• _To do_
Please return the listing exactly as it stands, skipping any pictures.
----- Data shown -----
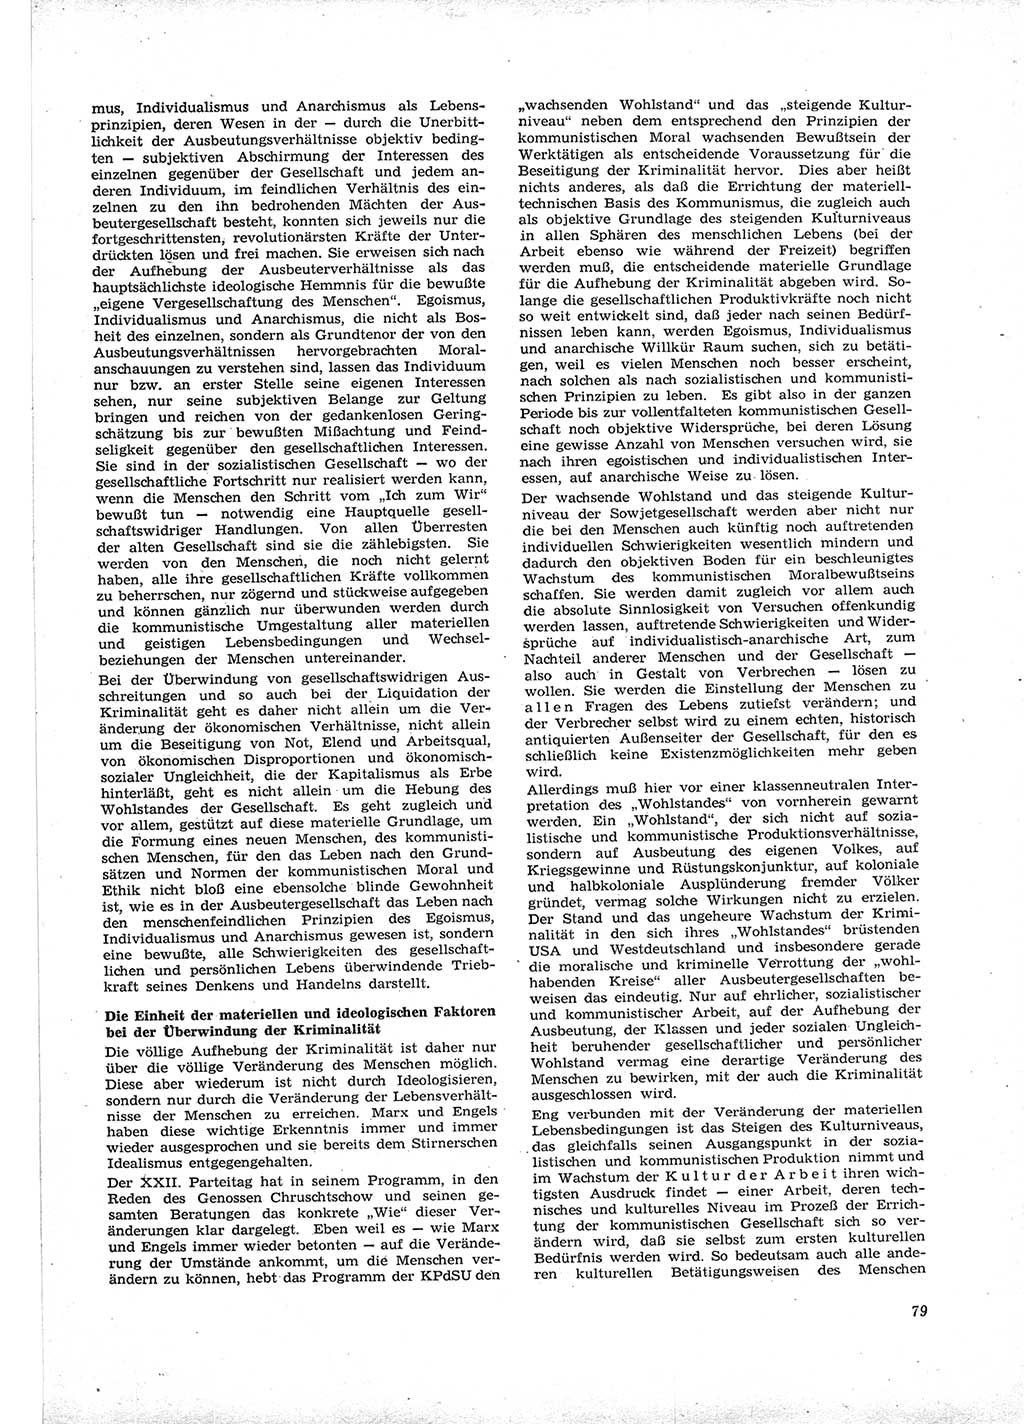 Neue Justiz (NJ), Zeitschrift für Recht und Rechtswissenschaft [Deutsche Demokratische Republik (DDR)], 16. Jahrgang 1962, Seite 79 (NJ DDR 1962, S. 79)
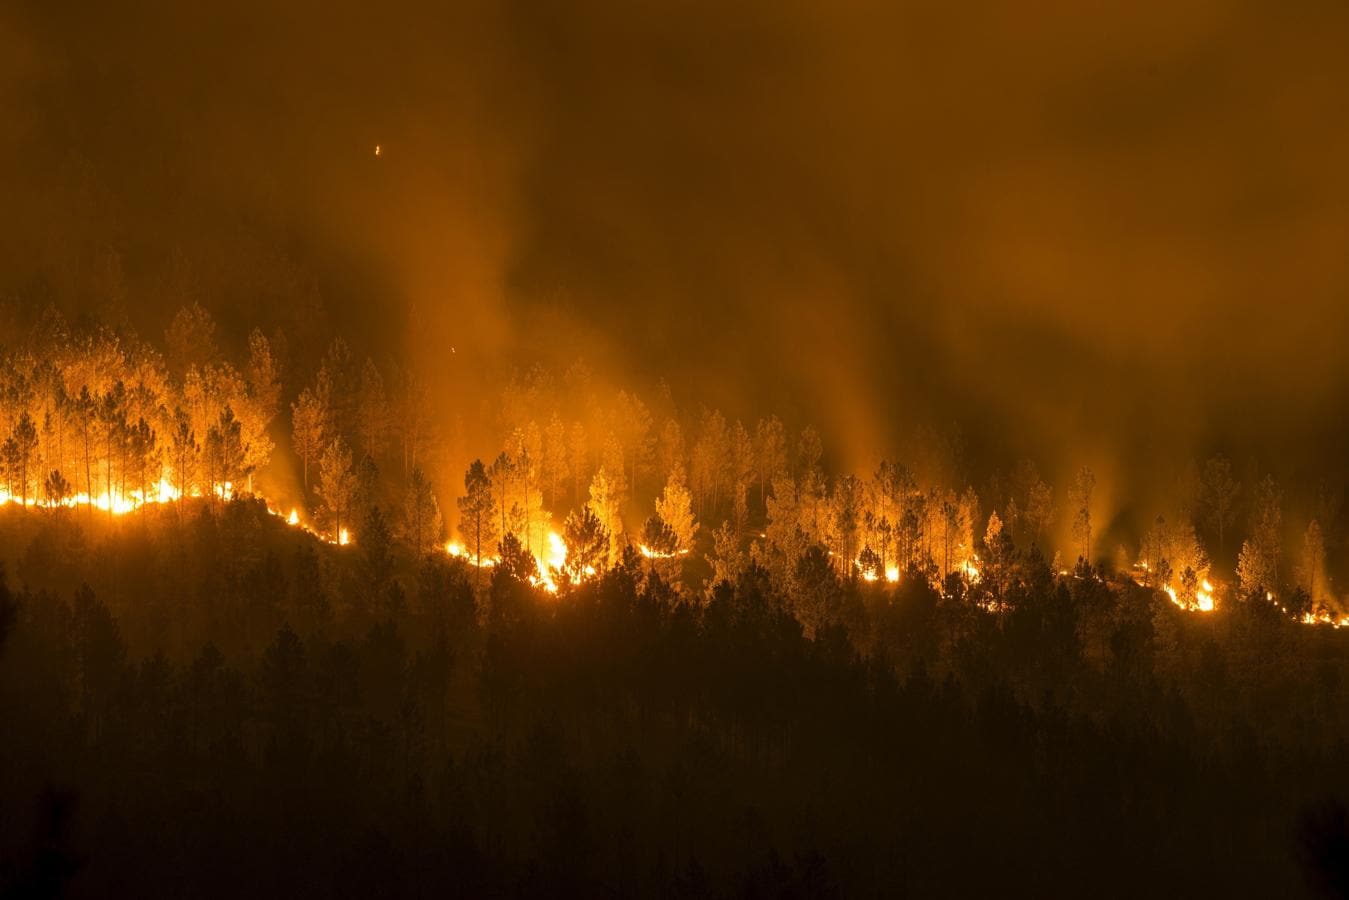 Vista del incendio forestal declarado en la localidad orensana de Entrimo, uno de los muchos incendios forestales sin control que han cercado casas, provocado desalojos y afectado a zonas de alto valor ecológico. 
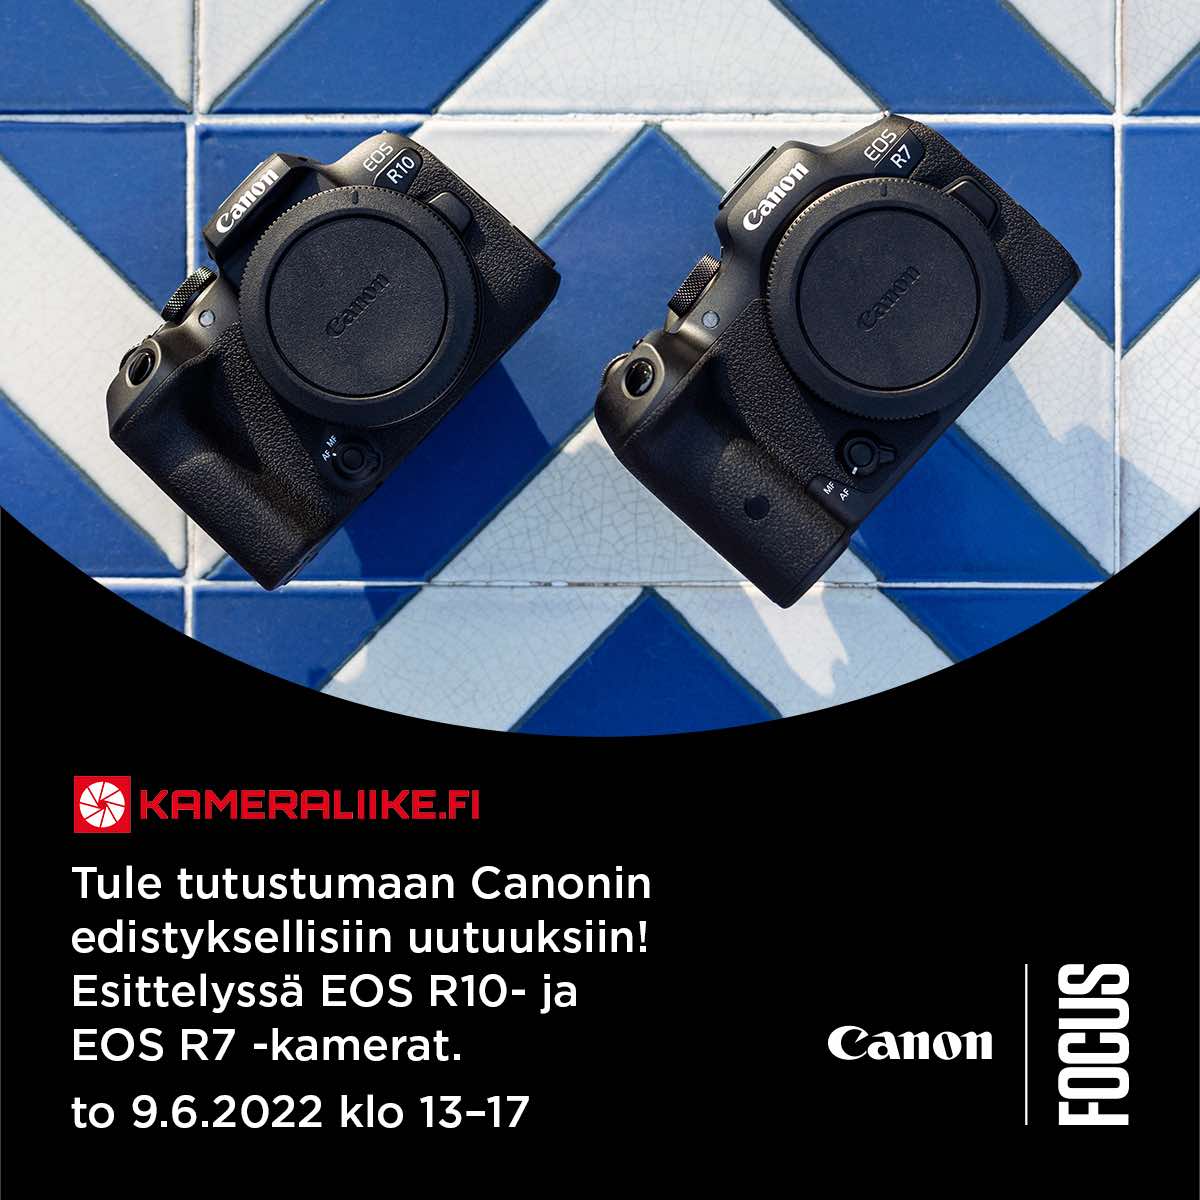 Canon esittelypäivä Mikkelissä 9.6. klo 14-17
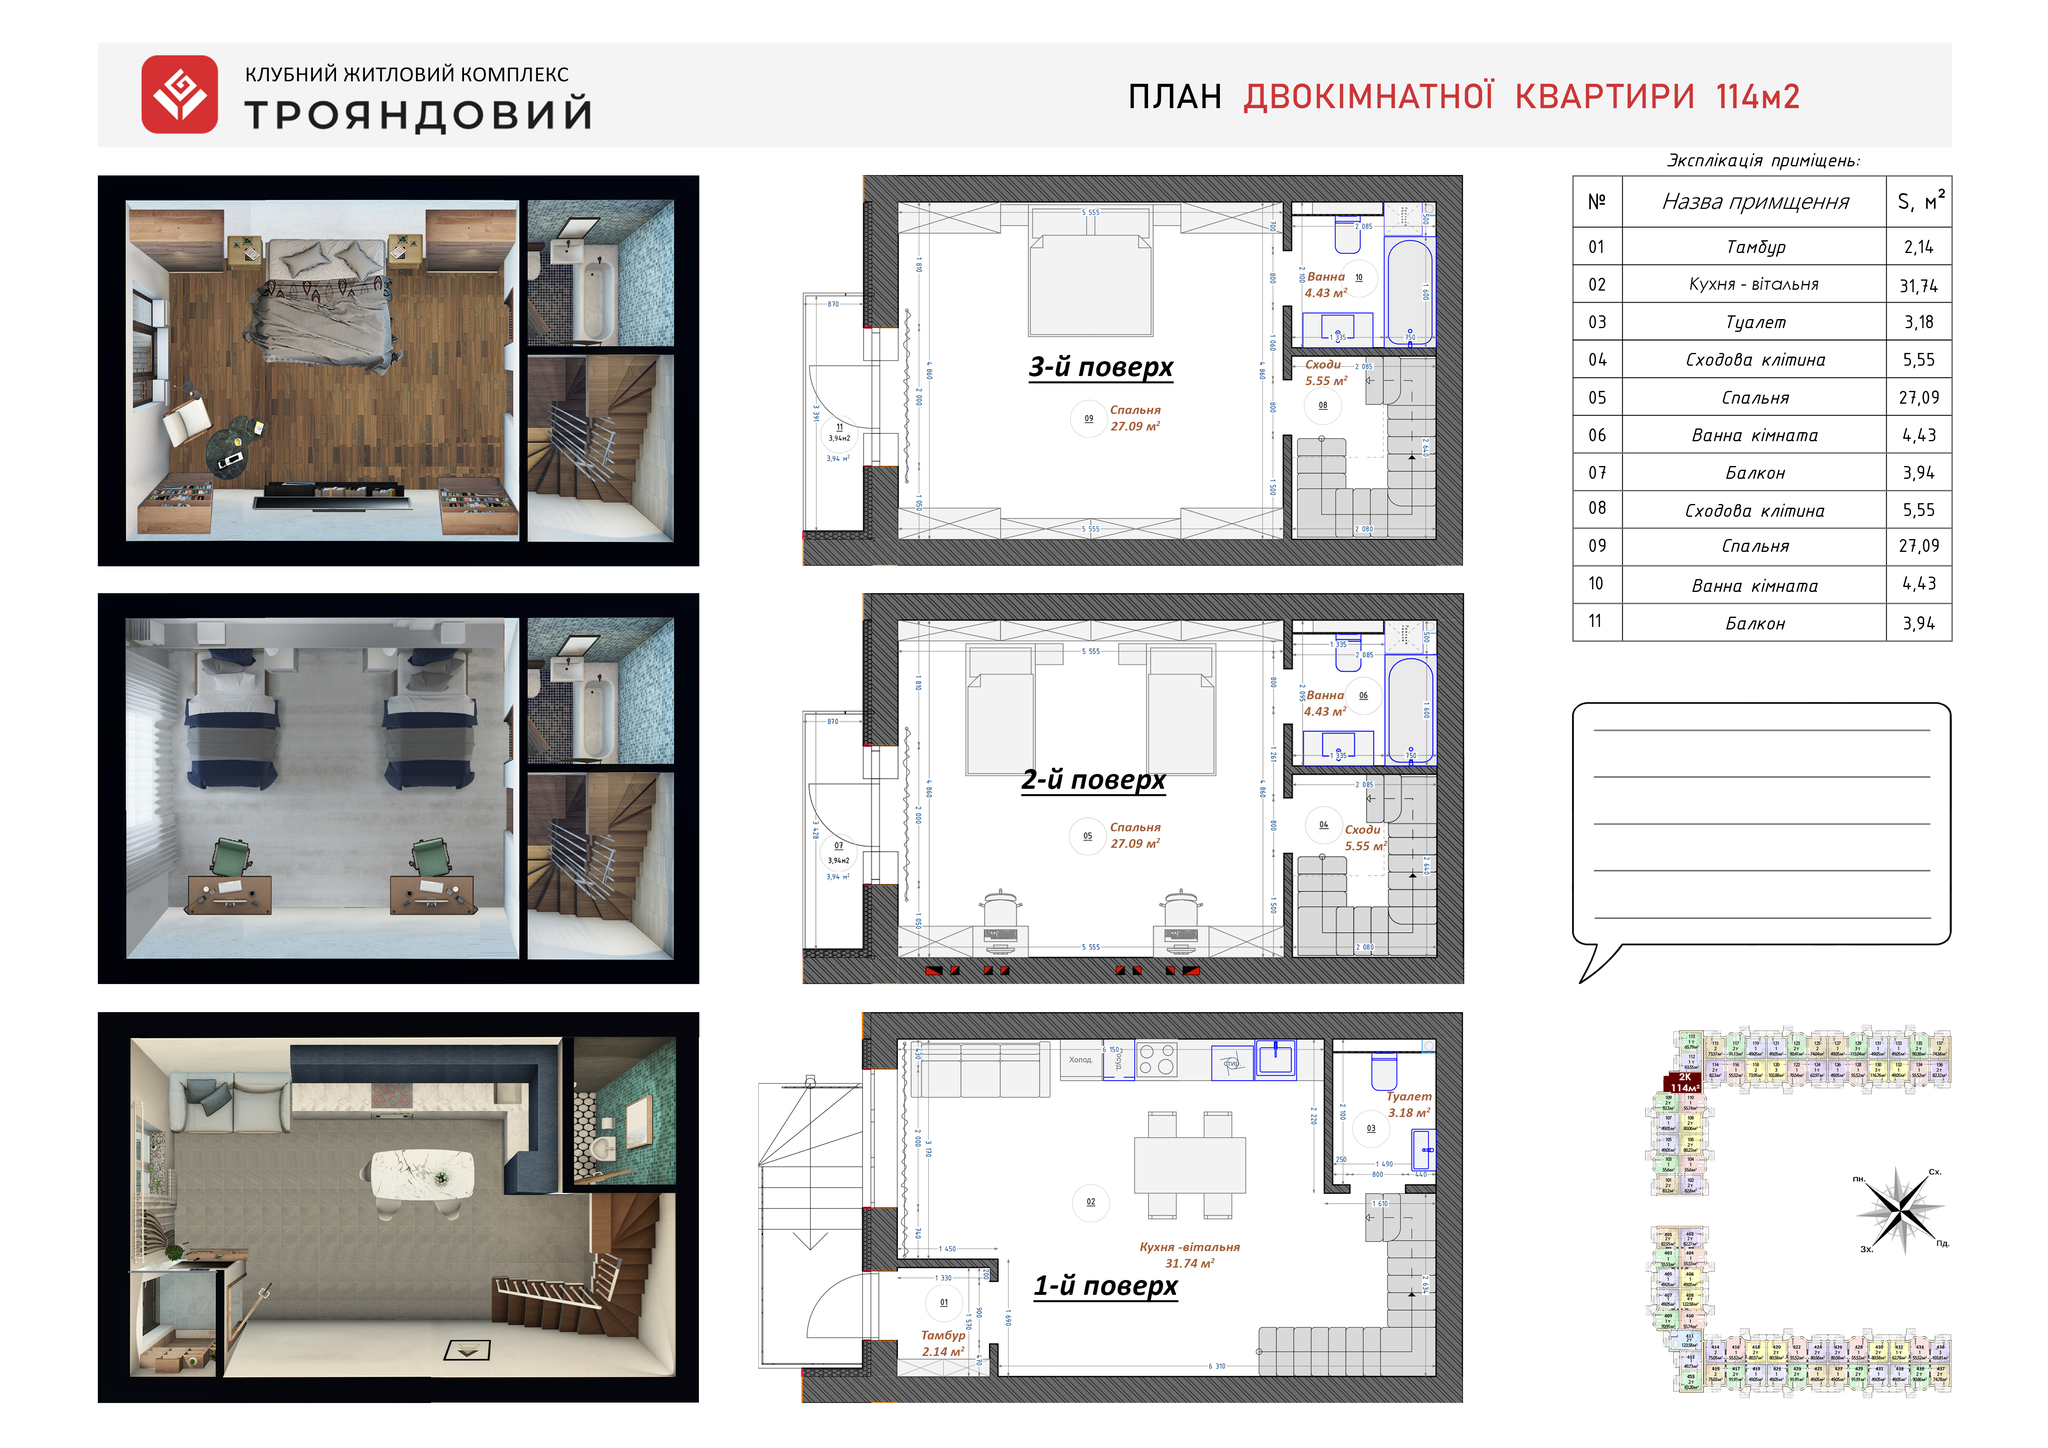 2-комнатная 114 м² в ЖК Трояндовый от 30 000 грн/м², г. Бровары
-----
• _Written answer_
 Neue Justiz (NJ), Zeitschrift für Recht und Rechtswissenschaft [Deutsche Demokratische Republik (DDR)], 16. Jahrgang 1962, Seite 79 (NJ DDR 1962, S. 79)
 Vista del incendio forestal declarado en la localidad orensana de Entrimo, uno de los muchos incendios forestales sin control que han cercado casas, provocado desalojos y afectado a zonas de alto valor ecológico. 
 Canon esittelypäivä Mikkelissä 9.6. klo 14-17
 2-комнатная 114 м² в ЖК Трояндовый от 30 000 грн/м², г. Бровары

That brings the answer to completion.